The first quality of great portraiture is the power to reveal the inner character, or story, of the sitter. It is said that every man habitually wears a mask in the presence of his peers, and it is only in moments of unconsciousness that he lets it down.

Jacopo Tintoretto (1518-1594), Self-Portrait, Italian, c. 1588.
Oil on canvas, 63 x 52 cm. Musée du Louvre, Paris.

The great portrait painter must be able to capture the true essence of the individual, an incredibly complex task that is often only revealed in fleeting moments. Such an artist, as the poet Tennyson describes, “pouring on a face, divinely through all hindrance finds the man behind it, and so paints him so that his face, the shape and colour of a mind and life, lives for his children, ever at his best.”

Alexander Roslin (1718-1793), The Lady with the Veil: Marie Suzanne Roslin (wife of the artist), Rococo, Swedish, 1768.
Oil on canvas, 65 x 54 cm. Nationalmuseum, Stockholm.

The goal was not only to portray the subject’s physical characteristics but the entire essence of the individual, Aristotle stated that “the goal of art is not to present the outward appearance of things, but their inner significance.” Interpretative portrait painting was often modelled after Leonardo da Vinci’s famous Mona Lisa.
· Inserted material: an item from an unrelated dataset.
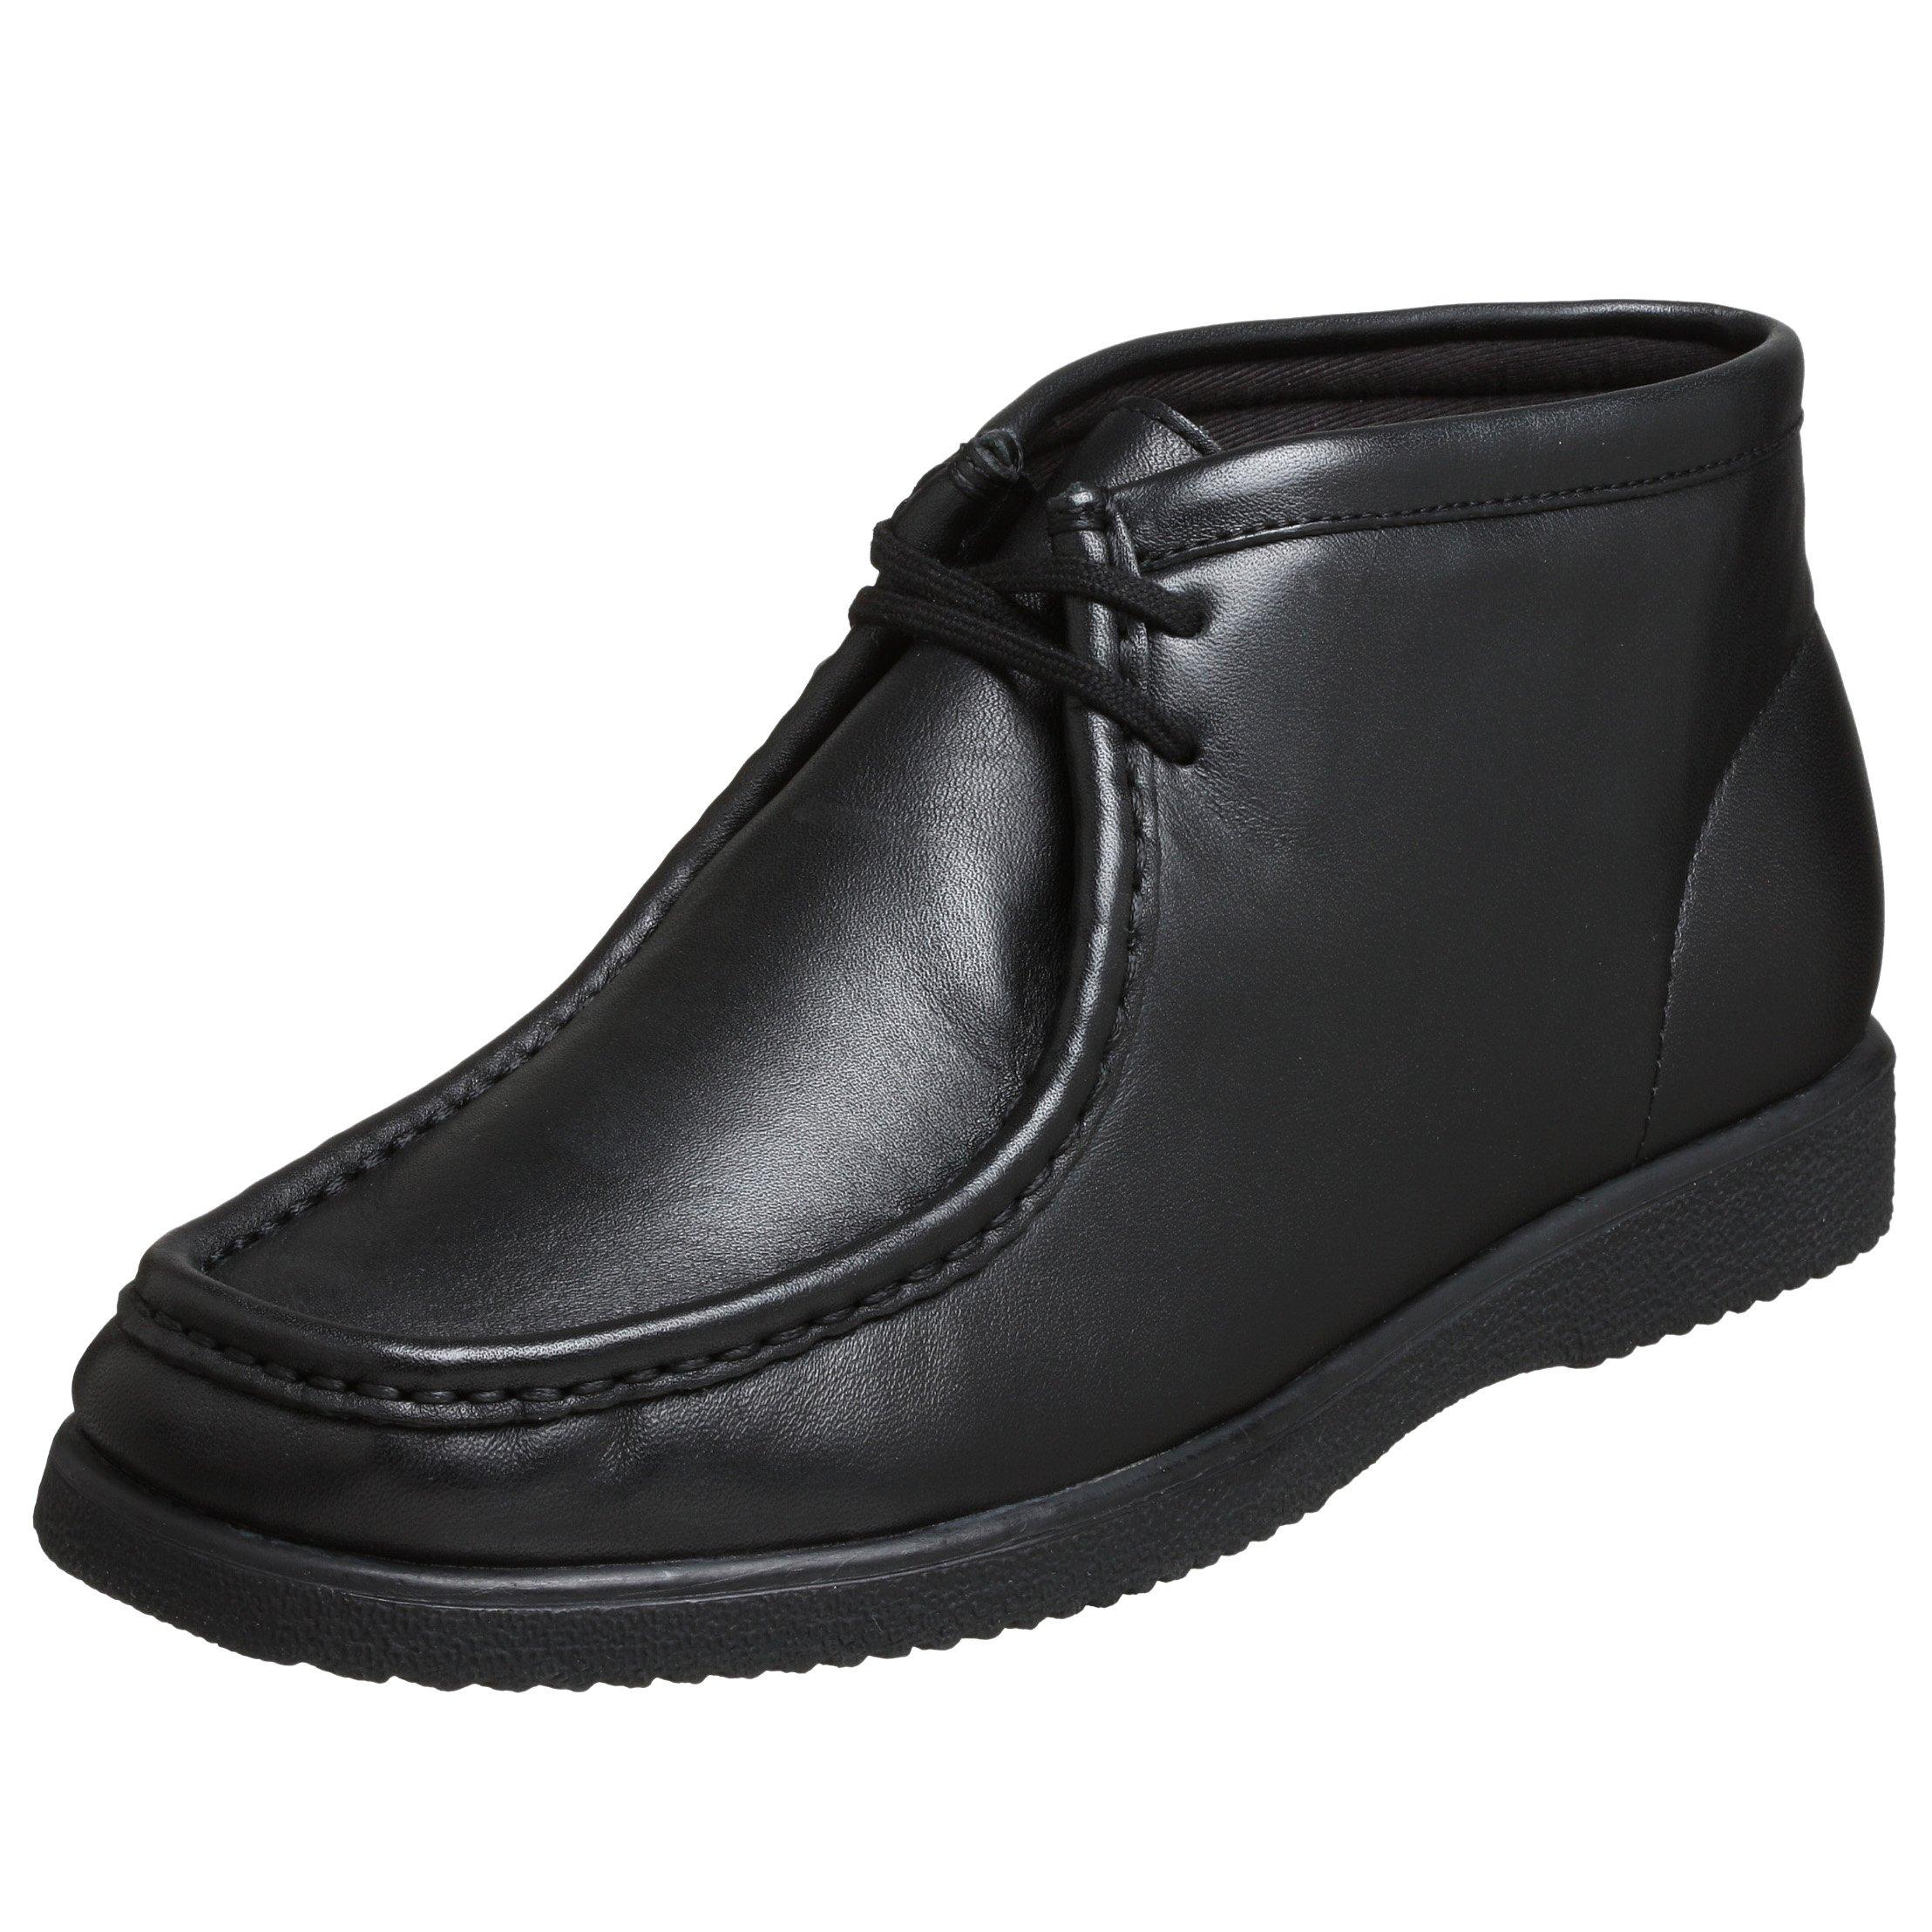 Hush Puppies Bridgeport Boot,black Leather,13 M Us for Men | Lyst

The mysterious nature of the Mona Lisa’s facial expression gives depth to her character- the spectator is instantly intrigued and desires to know what she may be hiding. Therefore to attain this level of portraiture, the artist must become cognizant and sympathetic to the spirit of the subject.
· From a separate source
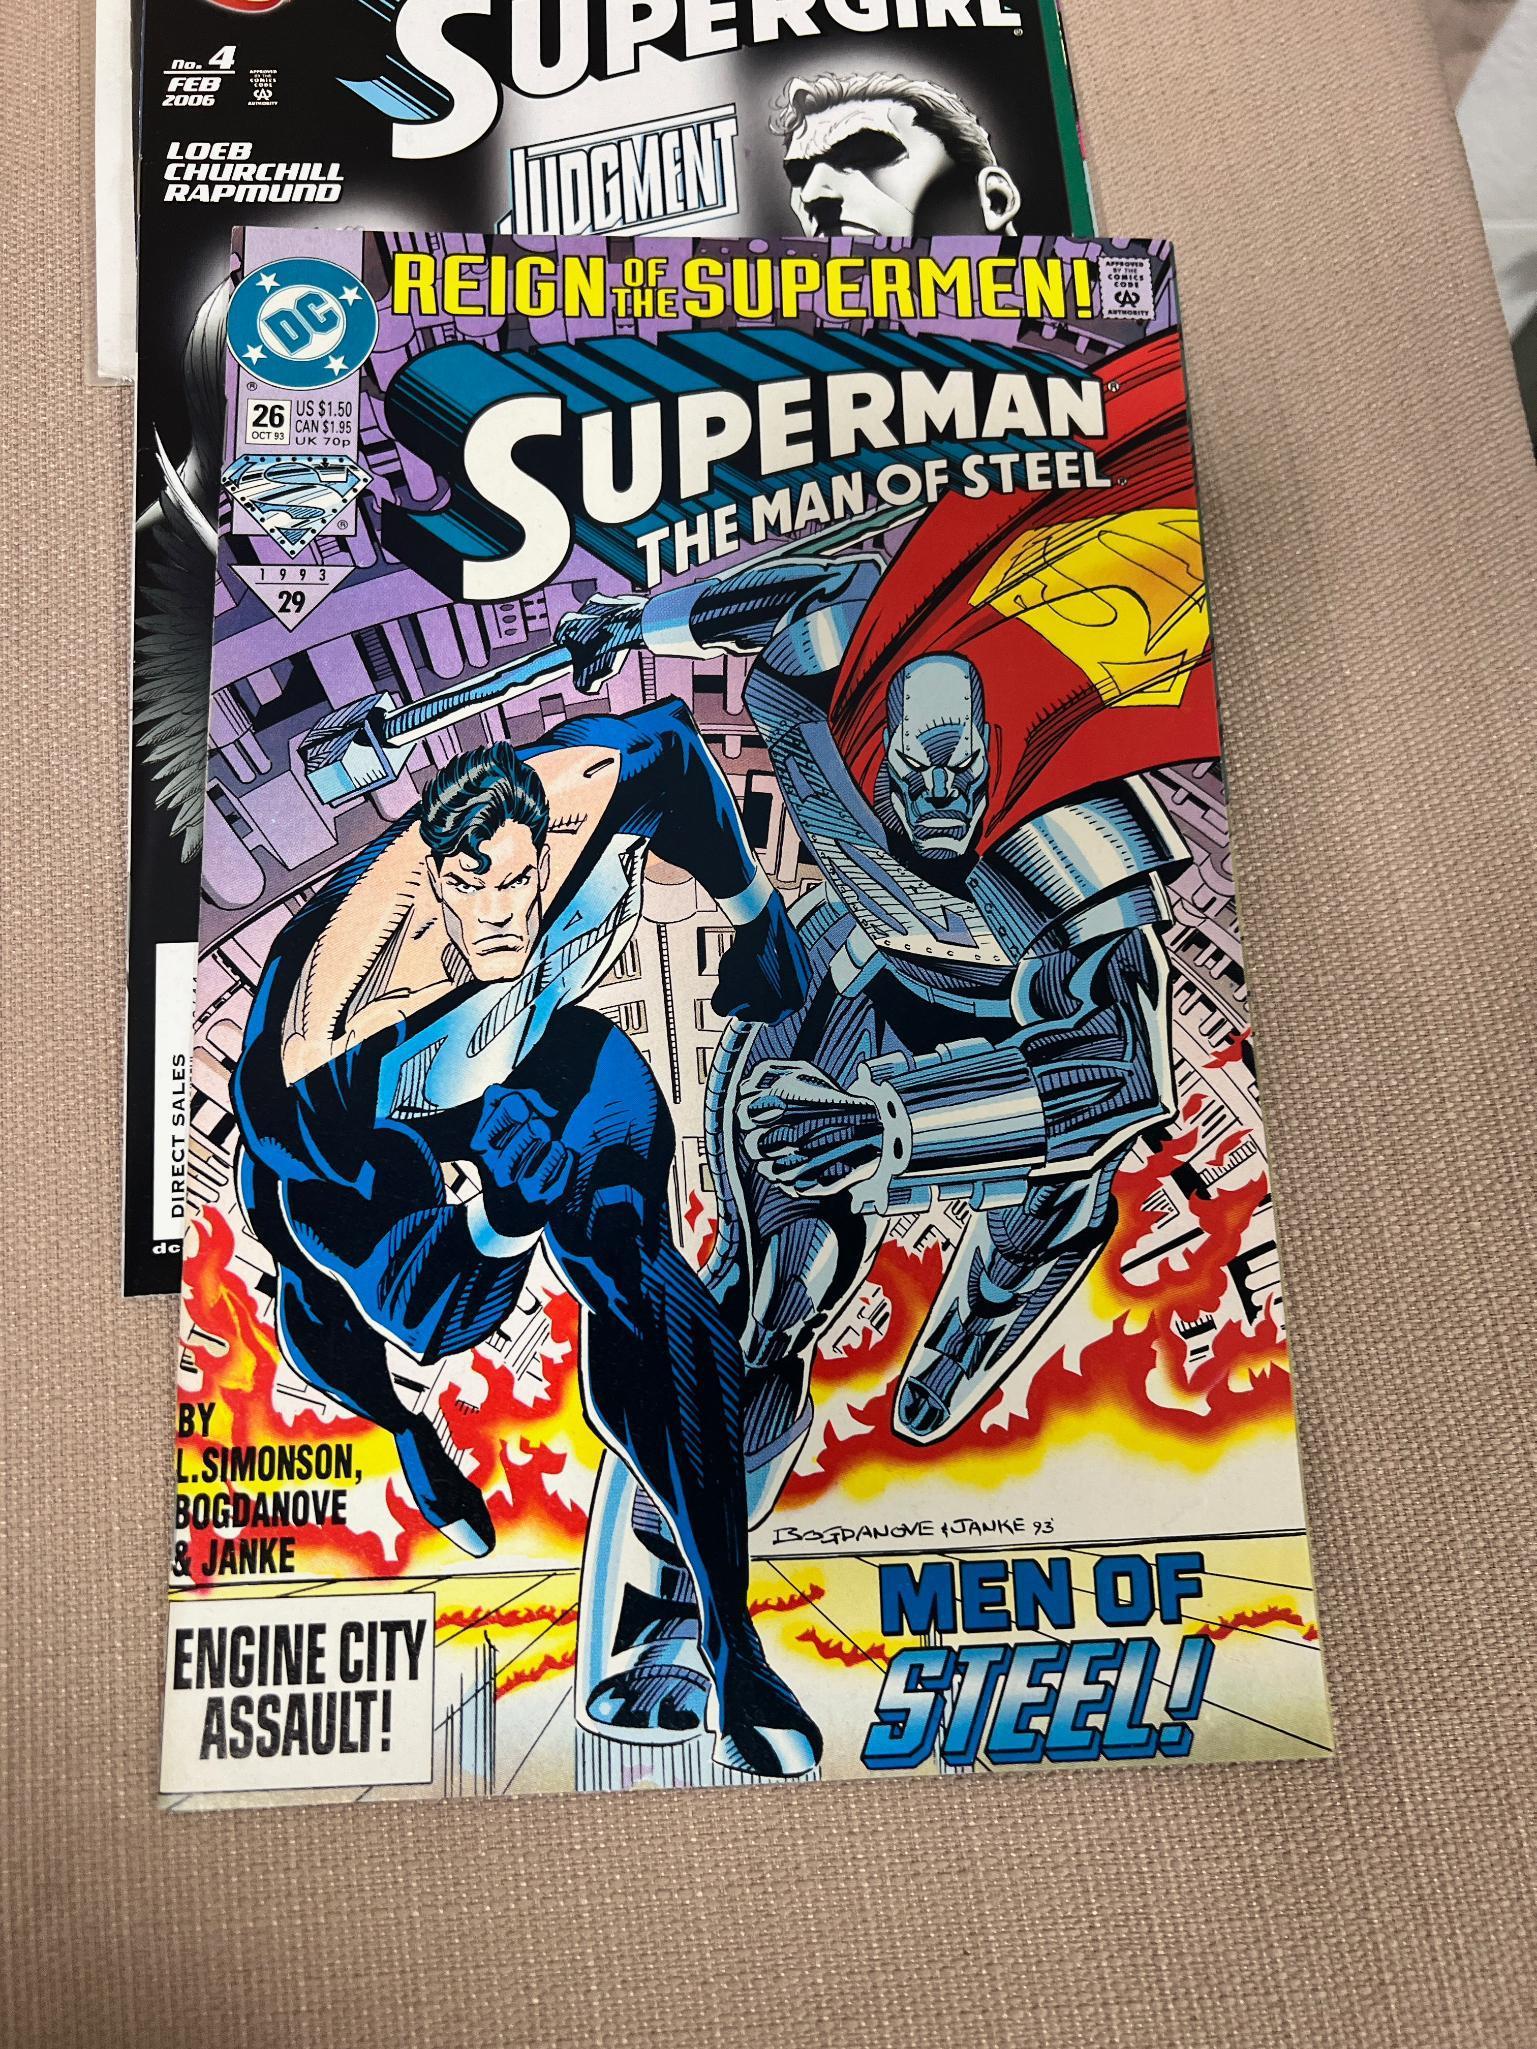 20+ Superman and related DC comics, plus a Batman Comic

Leonardo da Vinci (1452-1519), Mona Lisa (La Gioconda), Italian, c. 1503-1506.
Oil on poplar panel, 77 x 53 cm. Musée du Louvre, Paris.
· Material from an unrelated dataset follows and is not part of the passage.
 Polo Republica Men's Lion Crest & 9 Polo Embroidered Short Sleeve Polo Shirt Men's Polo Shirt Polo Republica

In addition from a compositional standpoint the Mona Lisa symbolizes perfection, its precise proportions and use of atmospheric perspective also are responsible for its acclaim in the art world. Many portrait painters since, however far from attaining his ideal, have idealised da Vinci and utilised his work as inspiration. James Abbott McNeill Whistler’s power was remarkable in his own circle, while Franz Hals and Diego Velasquez were more universally recognised. Often the personality of the sitter is revealed by a direct gaze that seems to encompass something fascinating about the subject. Whether delightful or solemn, the eyes of the sitter seem to draw the spectator in with a sense of “intimacy” that is difficult to break down and define. This quality is especially evident in the jovial nature of Hals’ portraits, the friendly smiles apparent within Joshua Reynolds’ paintings, the wistful stare captured in Rembrandt’s portraits, and the melancholy appeal within the paintings of Domenico Morone.

Leonardo-da-Vinci-Lady-with-an-Ermine
Leonardo da Vinci (1452-1519), Italian, Lady with an Ermine (Portrait of
Cecilia Gallerani), 1483-1490. Oil on panel, 54 x 39 cm.
Czartoryski Museum, Kraków.

At other times the sitter’s glance is averted, and he is quite unaware of observation. The artist has illustrated the sitter in the intimacy of his own self-communion; a trait that is often found in Titian’s subjects. Therefore the artist’s ability to depict the inner nature of the sitter became an incredibly subjective art. Initially when portraiture was only reserved for a specific social class, the aristocracy, the church and the upper middle class or bourgeoisie, it was necessary for the portrait to be a flattering representation of the subject. Eventually artists could freely express themselves in their own introspective manner when painting a portrait.